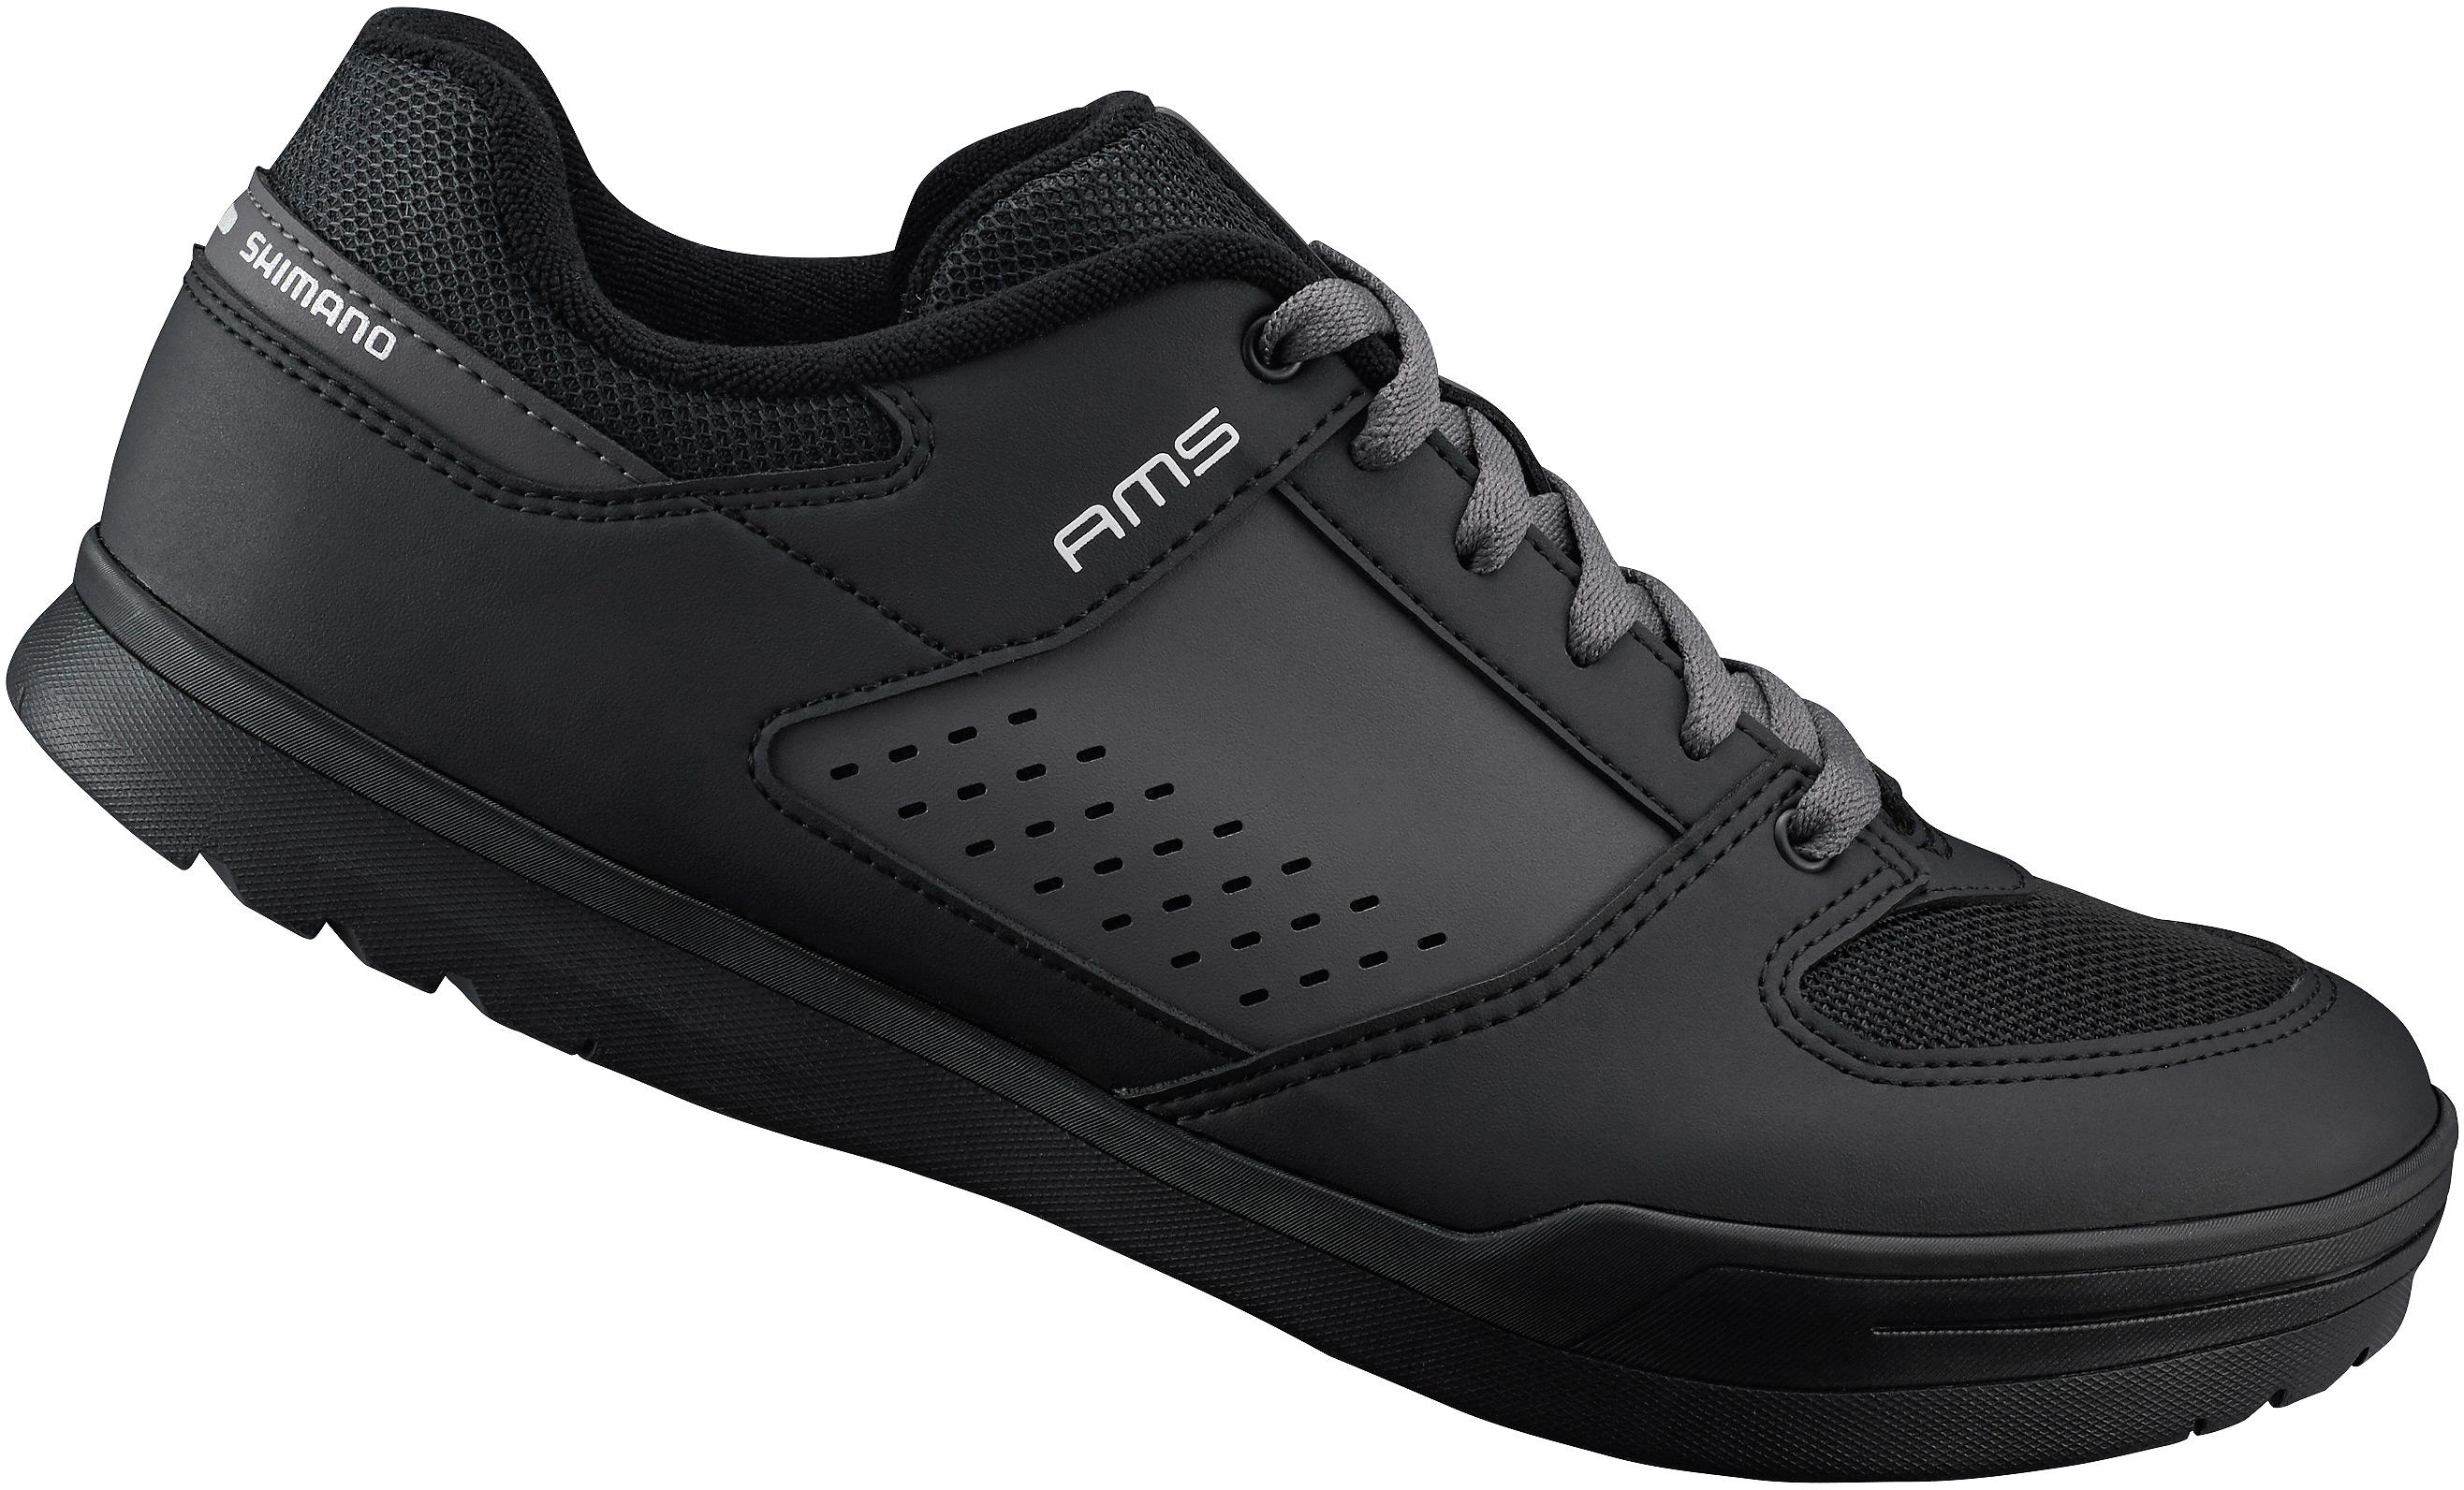 Am5 (Am501) Spd Shoes, Black, Size 36
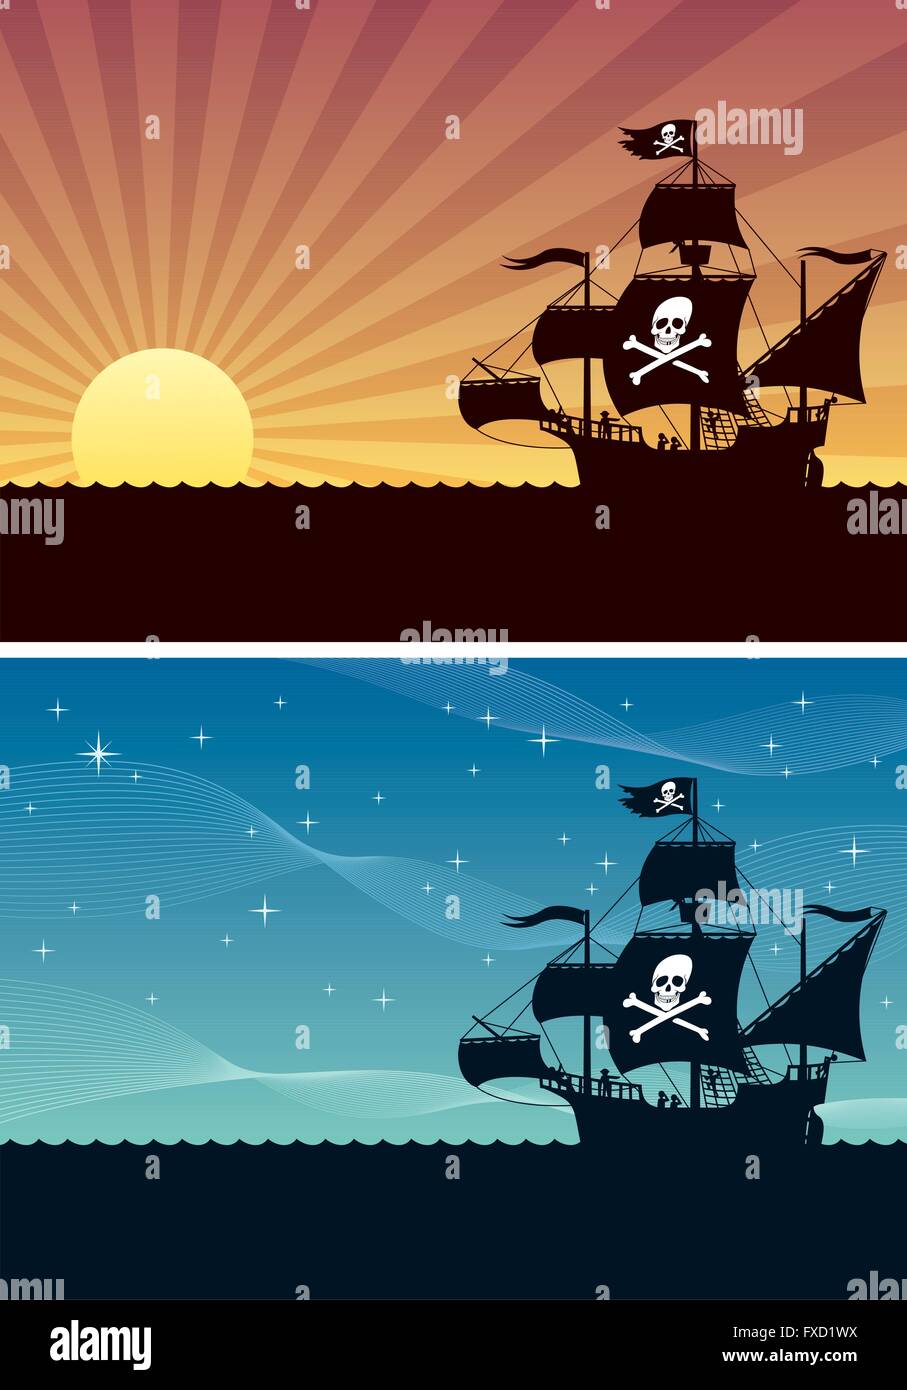 Deux milieux cartoon avec bateaux pirates. Chacun est dans une proportions4 mais vous pouvez étendre la zone noire vers le bas. Illustration de Vecteur
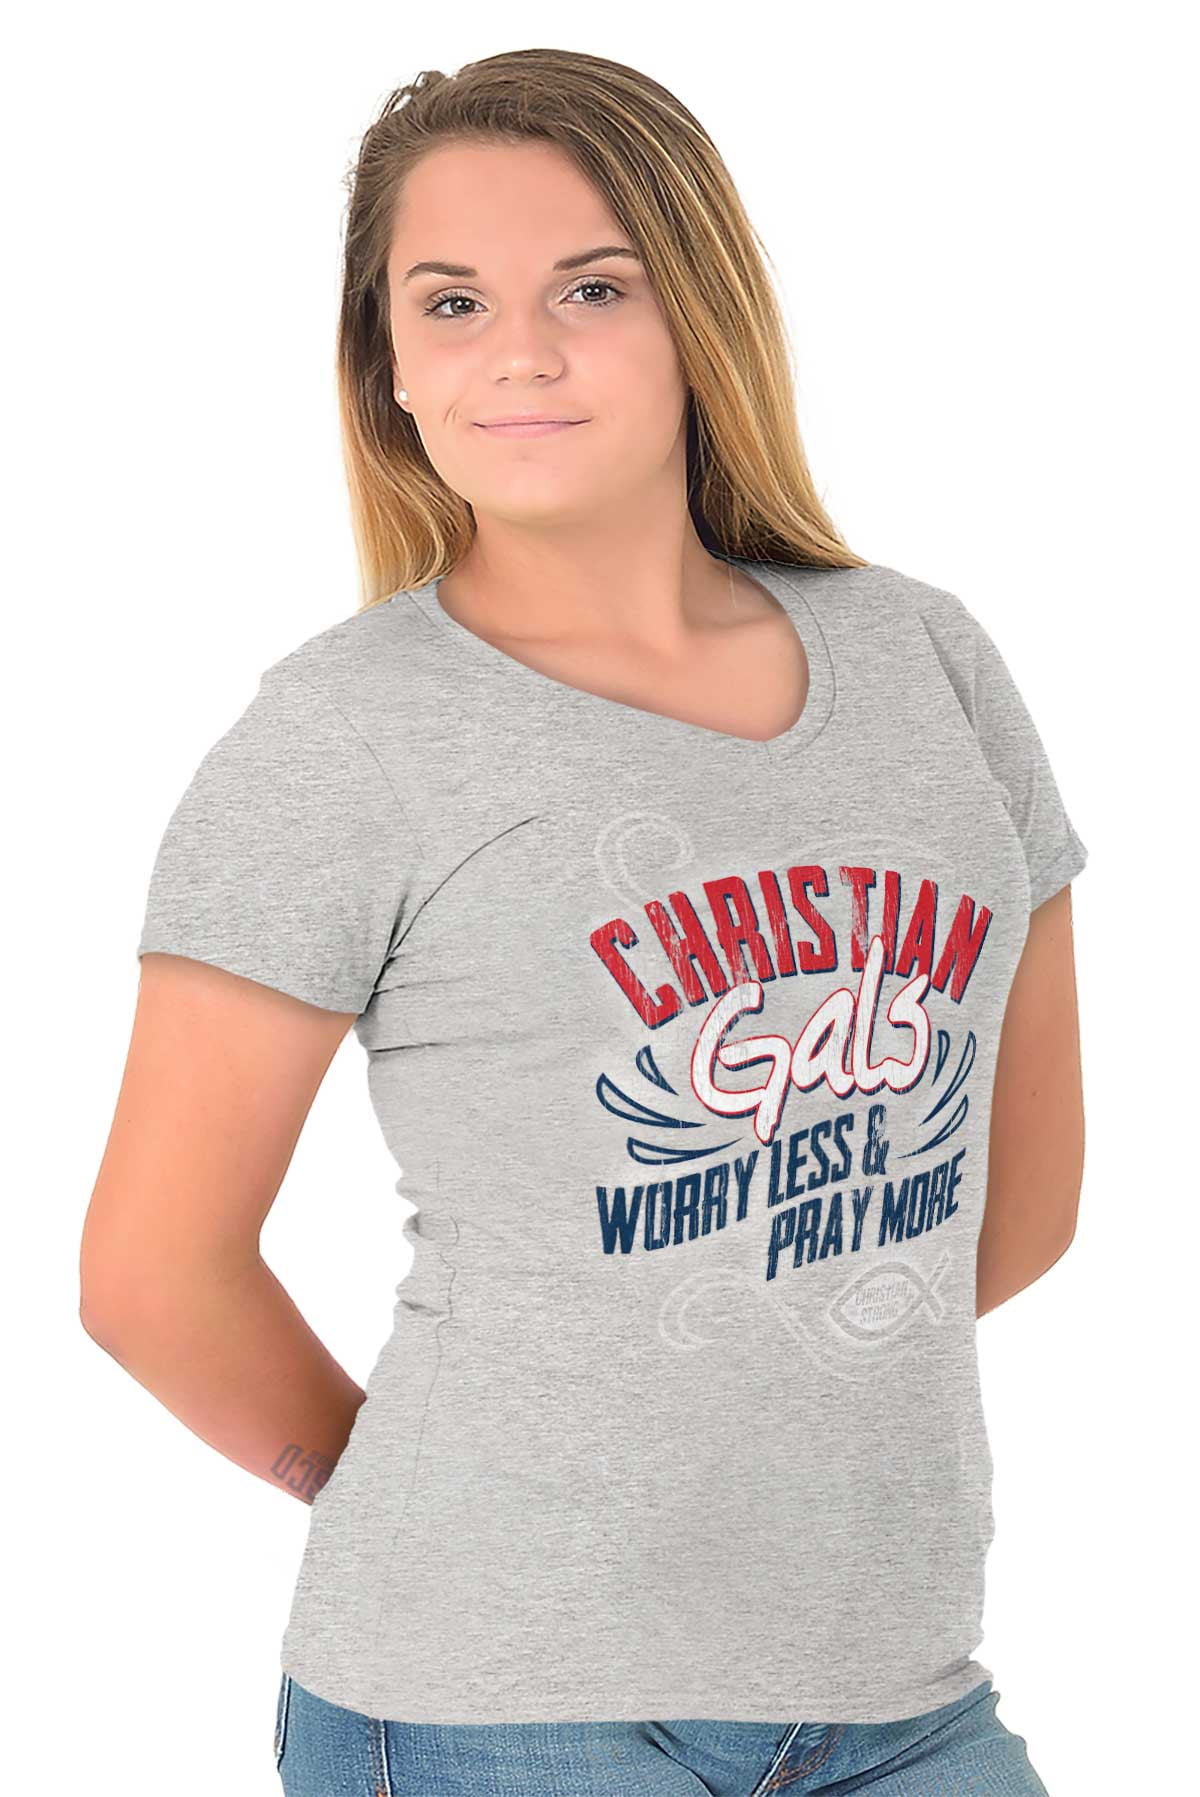 Jesus Strong Religious Cross Faith Mens Graphic V-Neck t-Shirt T-Shirt Men Women

[Assigned task]:
Copy the listing above in full and exactly, but omit each picture that it holds.

[Response below]:
 Am5 (Am501) Spd Shoes, Black, Size 36
 Deux milieux cartoon avec bateaux pirates. Chacun est dans une proportions4 mais vous pouvez étendre la zone noire vers le bas. Illustration de Vecteur
 Jesus Strong Religious Cross Faith Mens Graphic V-Neck t-Shirt T-Shirt Men Women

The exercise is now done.